There are a number of short courses in China, but it is a vast country and without quite knowing where you are likely to be it would be difficult to direct you to the appropriate training. There are, for example, a number of four-week courses in Nanjing and Huangzhou but when they describe them as intensive they really do mean intensive - four weeks of almost non-stop study from dawn to dusk and beyond. We are not sure that this would be consistent with travelling around at the same time.
We are duty bound to say, however, that we have argued for many years that the only good training in Chinese medicine is at a degree level or above, and although being a doctor would mean that you had covered a considerable part of the course syllabus both in your initial training and in your day to day patient care, we find ourselves a little conflicted at offering advice on training which could only be a very basic introduction. If it is intended as an exercise in familiarisation with the systems of Chinese medicine, that is a very different enterprise from one where the knowledge is translated into practice.
We hope that we do not sound patronising but we would also want to ask whether it is Chinese acupuncture which you want to find out about. Many GPs in the UK, as well as many physios, use a western style of acupuncture within their scope of practice and based on neurophysiological and segmental principles. The BMAS and AACP, the respective professional interest groups, run training courses for practitioners who wish to be able to integrate acupuncture into their clinical practice.
However, if it is Chinese acupuncture which you want to familarise yourself with , in which we would be delighted, then you may find it useful to contact the Association of Traditional Chinese Medicine, one of sister organisations consisting mainly of Chinse practitioners trained in PRC. (www.atcm.co.uk). They have close links with a number of training institutions across China and may well be able to give you specific contacts or arrange a bespoke package which fits in with your itinerary.
Q: This is a general question. My 4 year old son has not been immunised against MMR. What is the attitude of the BAcC towards immunisation in general, and the MMR jab in particular.
A: As a body regulating and representing traditional acupuncture the BAcC doesn't really have a formal view about the use of immunisation and MMR jab. Clearly these kinds of intervention have an energetic effect from a Chinese medicine perspective, and skilled practitioners should be able to take this into account when they are treating a patient. There is, though, a considerable danger in ascribing causation when looking at two systems of medicine which operate from entirely different paradigms, and this is a rather dangerous path to take. One could look at many aspects of modern life in this way, but while many lifestyle questions fall within the area of advice which a practitioner might give, the suitability of immunisation does not. One needs a thorough grounding in epidemiology to make these kinds of judgements, and we would be the first to admit that our profession does not have that kind of knowledge base.
It is often assumed that complementary healthcare professions are part of a broad leftish tendency with strong and often radical views on a number of social and healthcare issues, but the membership of the BAcC is a broad church which probably represents all shades of political opinion.
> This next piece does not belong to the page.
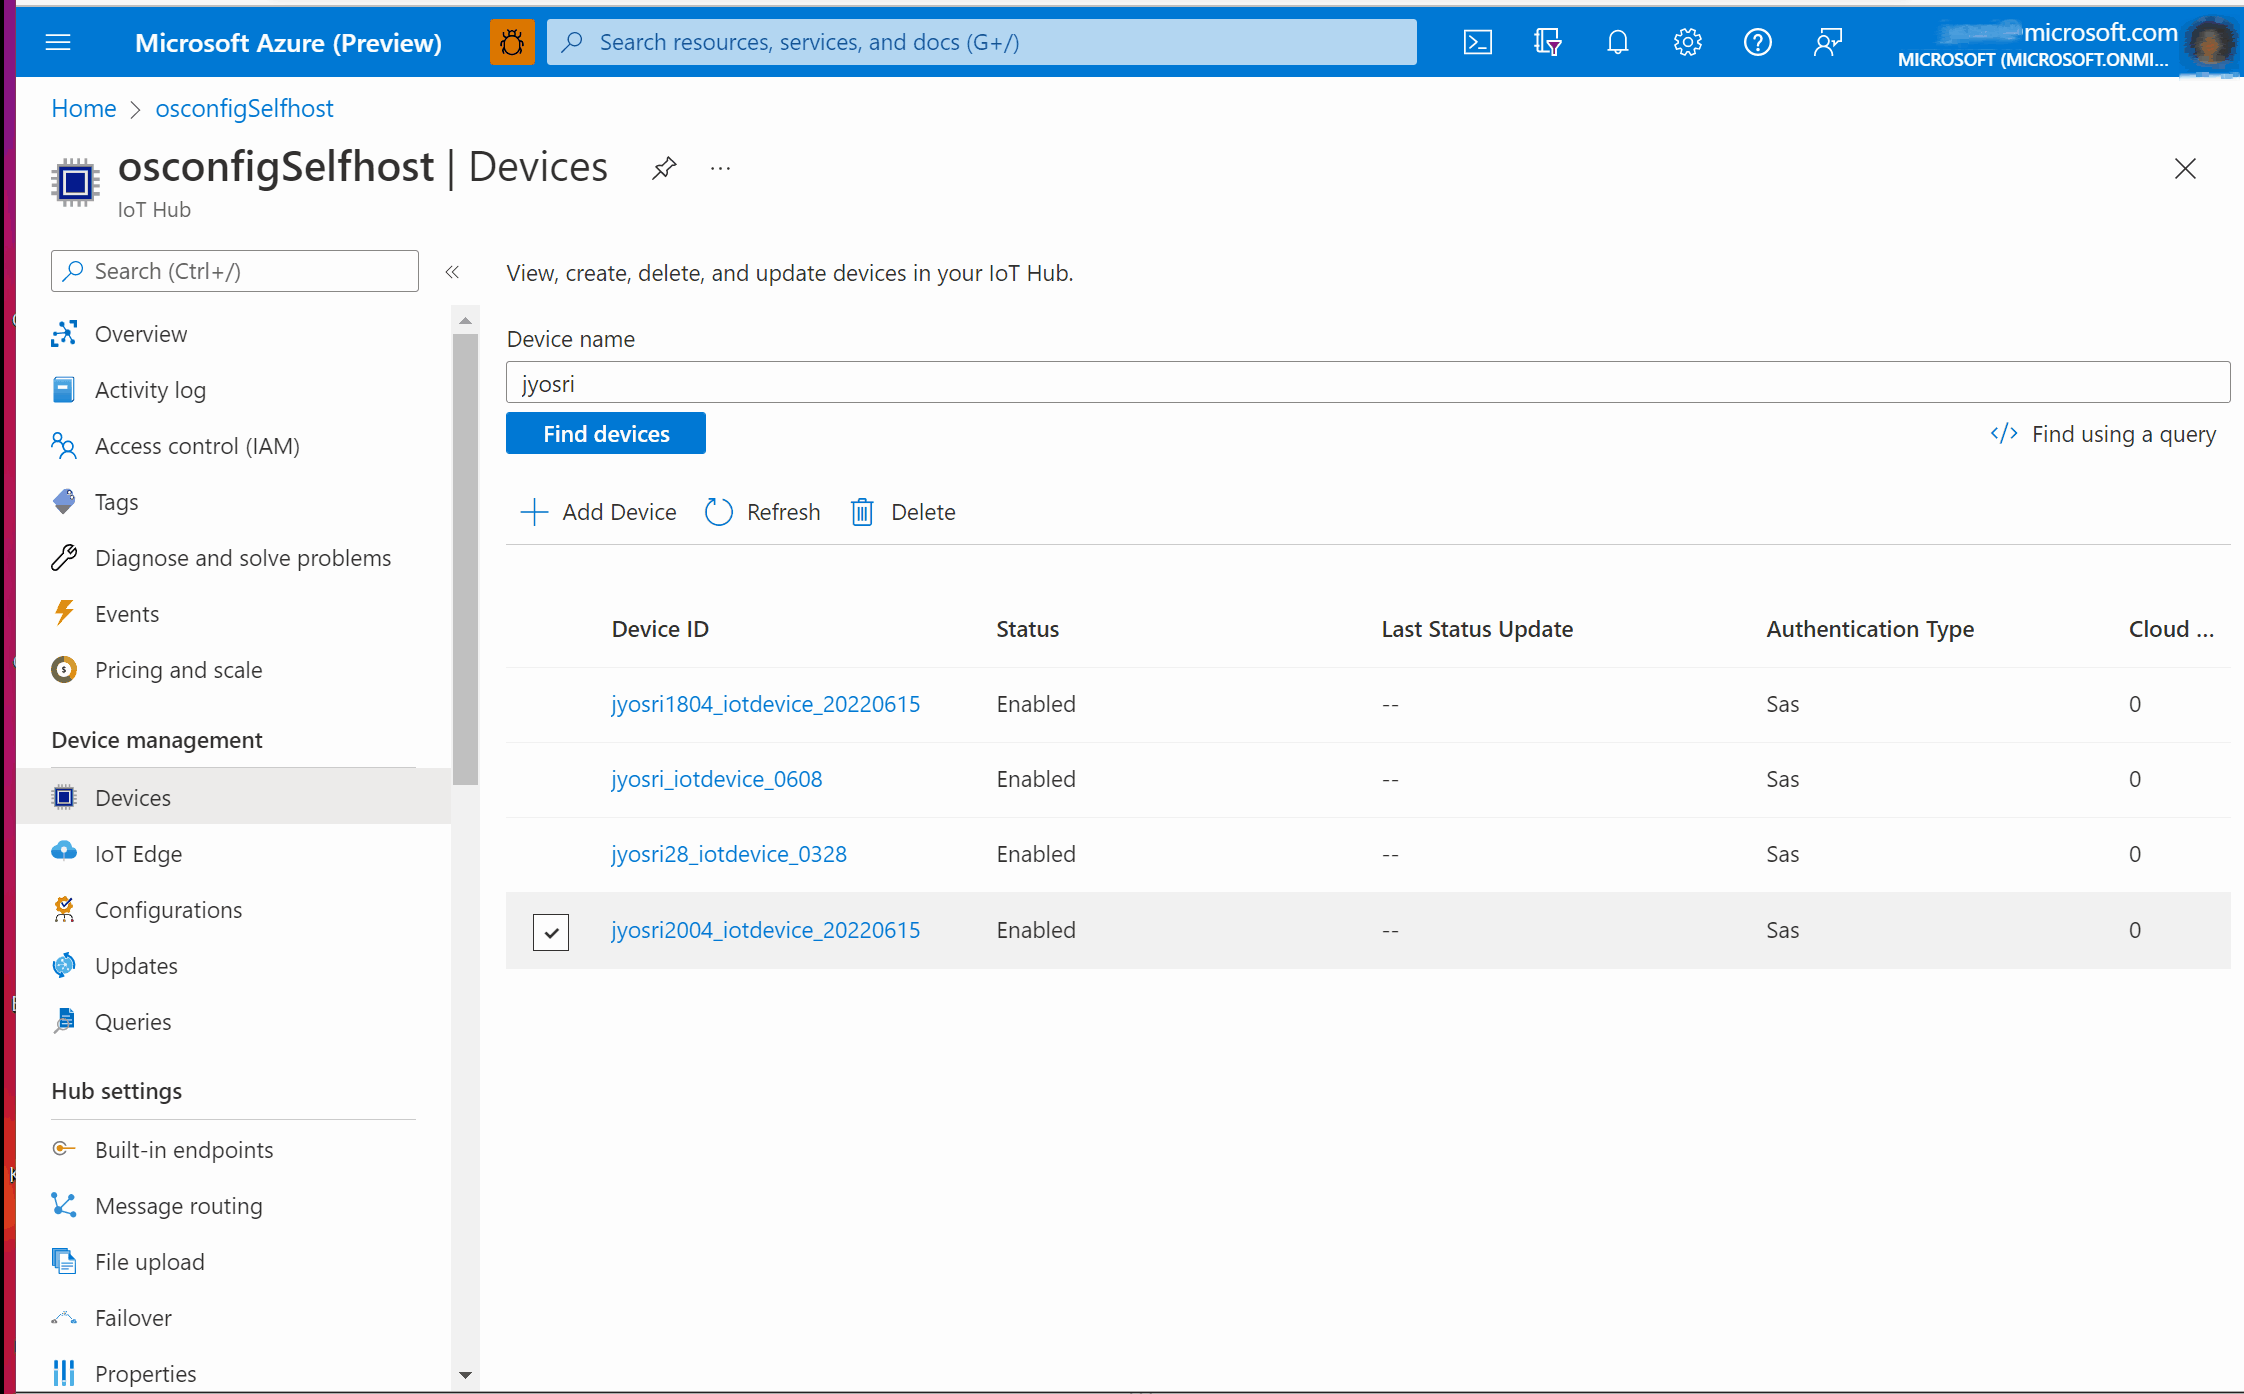 Screen capture showing reported twin contents for a ping command using OSConfig module for a single device from Azure Portal

If a patient asks for advice on issues like this we always ensure that our personal views do not take on an authoritative air because of the practitioner/patient relationship, and invariably tell the patient that this is a matter for them to choose with advice from their GP. The GP is better placed to give them the objective statistical information they need. GPs, in our experience, are not all out and out proponents of immunisation, and have recognise over the last decade that a fully informed decision is better than a dictat from the doctor, so will make sure that patients are well-informed.